Posted on by Dr. Francis Collins

Spike Protein on Novel Coronavirus
Caption: Atomic-level structure of the spike protein of the virus that causes COVID-19.
Credit: McLellan Lab, University of Texas at Austin

The recent COVID-19 outbreak of a novel type of coronavirus that began in China has prompted a massive global effort to contain and slow its spread. Despite those efforts, over the last month the virus has begun circulating outside of China in multiple countries and territories.

Cases have now appeared in the United States involving some affected individuals who haven’t traveled recently outside the country. They also have had no known contact with others who have recently arrived from China or other countries where the virus is spreading. The NIH and other U.S. public health agencies stand on high alert and have mobilized needed resources to help not only in its containment, but in the development of life-saving interventions.

On the treatment and prevention front, some encouraging news was recently reported. In record time, an NIH-funded team of researchers has created the first atomic-scale map of a promising protein target for vaccine development [1]. This is the so-called spike protein on the new coronavirus that causes COVID-19. As shown above, a portion of this spiky surface appendage (green) allows the virus to bind a receptor on human cells, causing other portions of the spike to fuse the viral and human cell membranes. This process is needed for the virus to gain entry into cells and infect them.

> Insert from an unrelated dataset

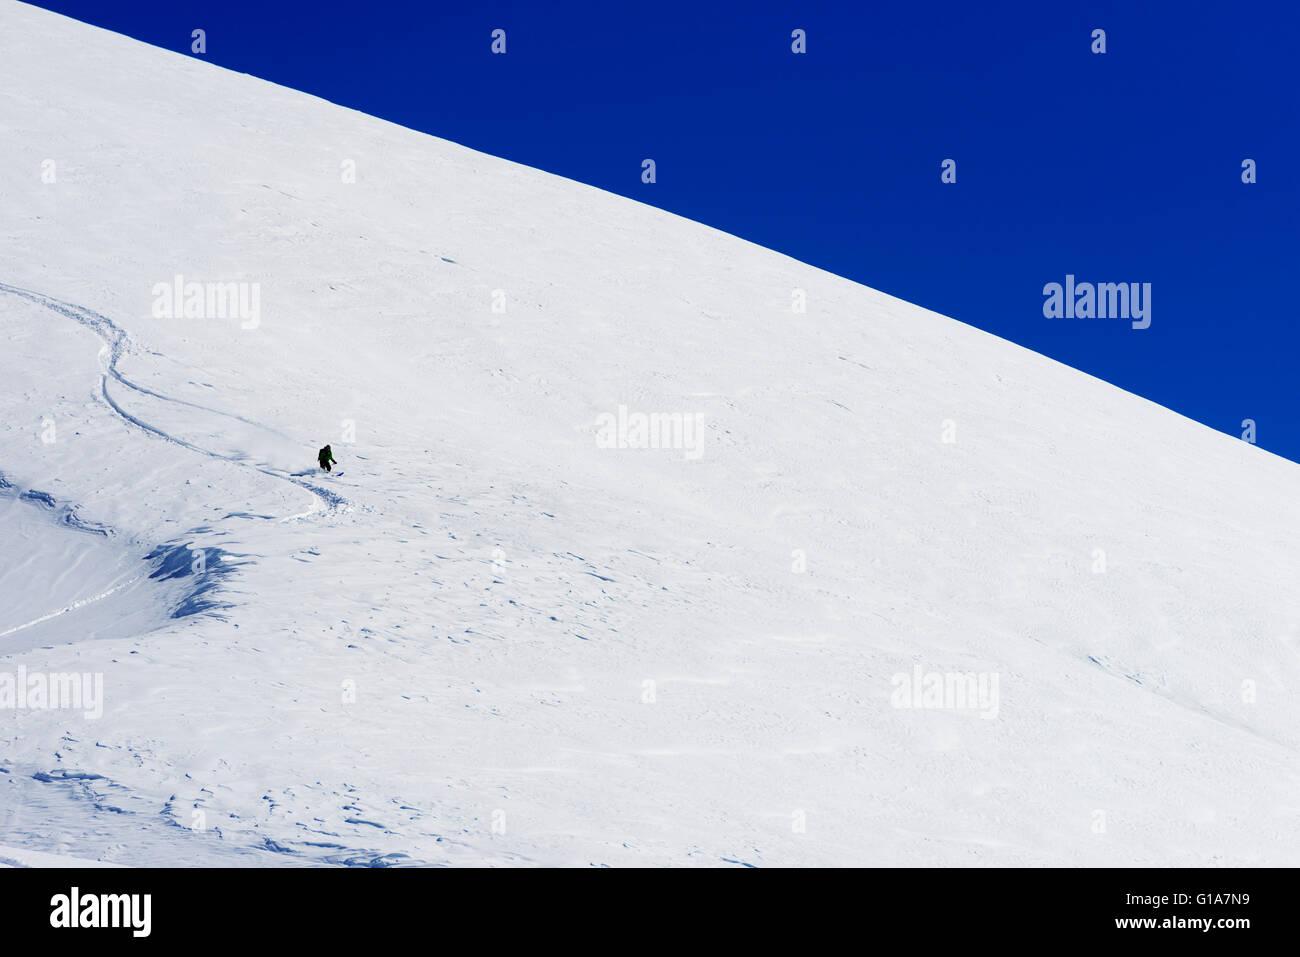 Eurasia, Caucasus region, Georgia, Gudauri ski resort, powder skiing - Stock Image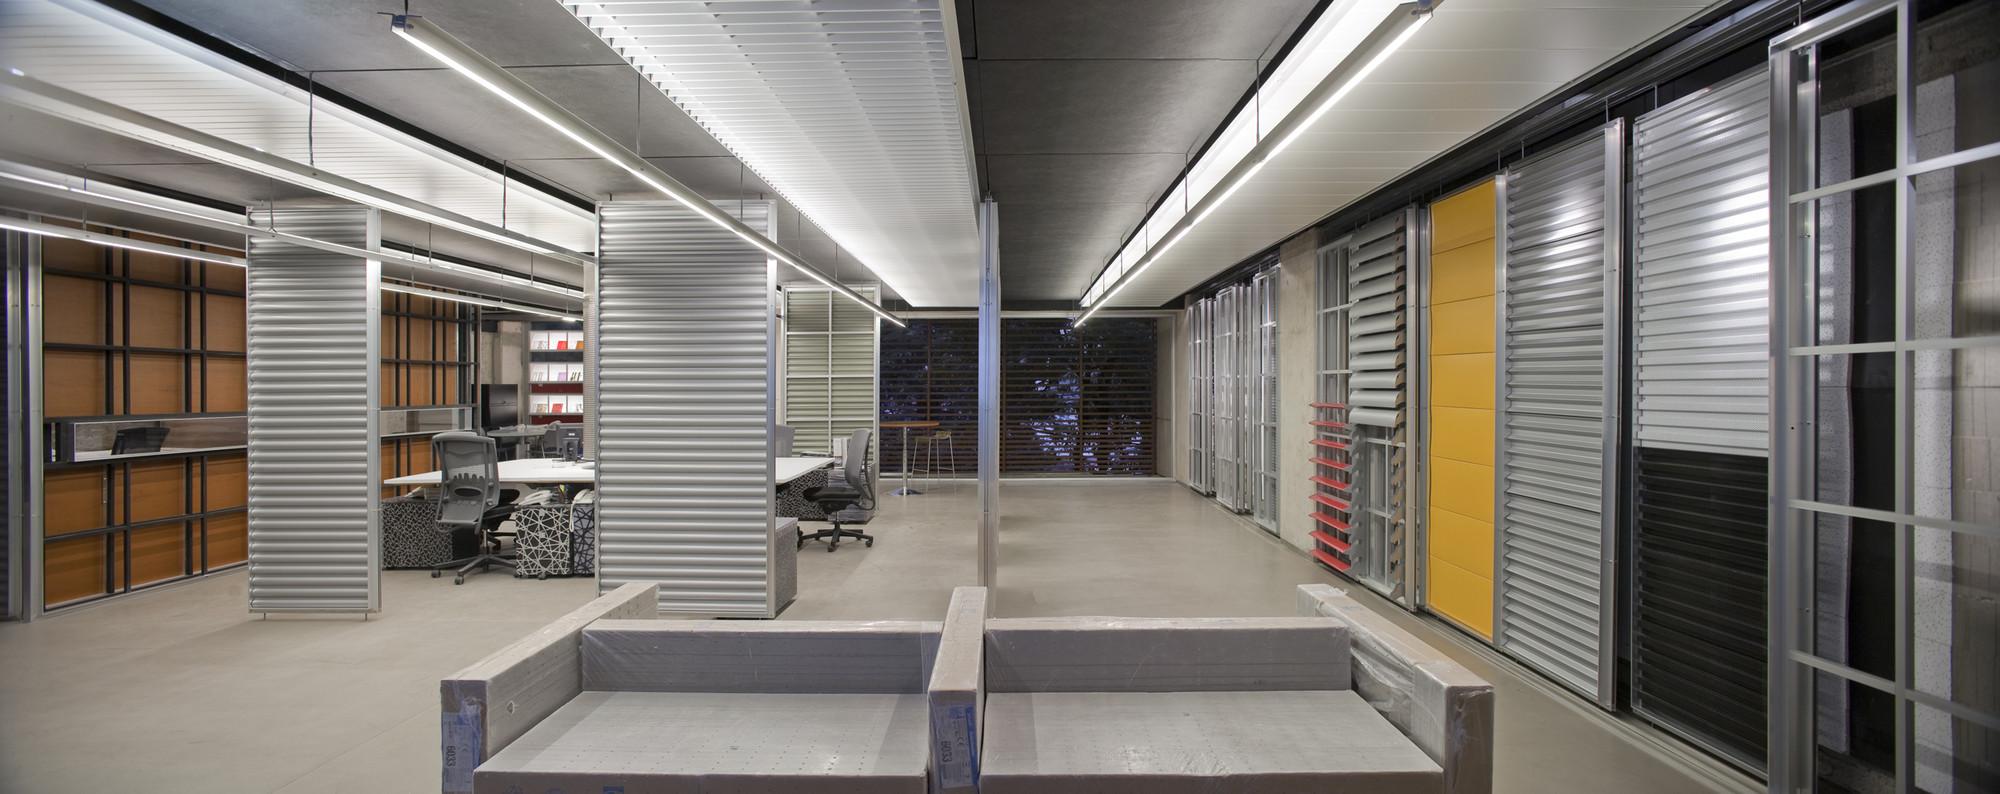 Showroom hunter douglas serrano monjaraz arquitectos - Arquitecto de interiores ...

Preclinical studies in mice of a candidate vaccine based on this spike protein are already underway at NIH’s Vaccine Research Center (VRC), part of the National Institute of Allergy and Infectious Diseases (NIAID). An early-stage phase I clinical trial of this vaccine in people is expected to begin within weeks. But there will be many more steps after that to test safety and efficacy, and then to scale up to produce millions of doses. Even though this timetable will potentially break all previous speed records, a safe and effective vaccine will take at least another year to be ready for widespread deployment.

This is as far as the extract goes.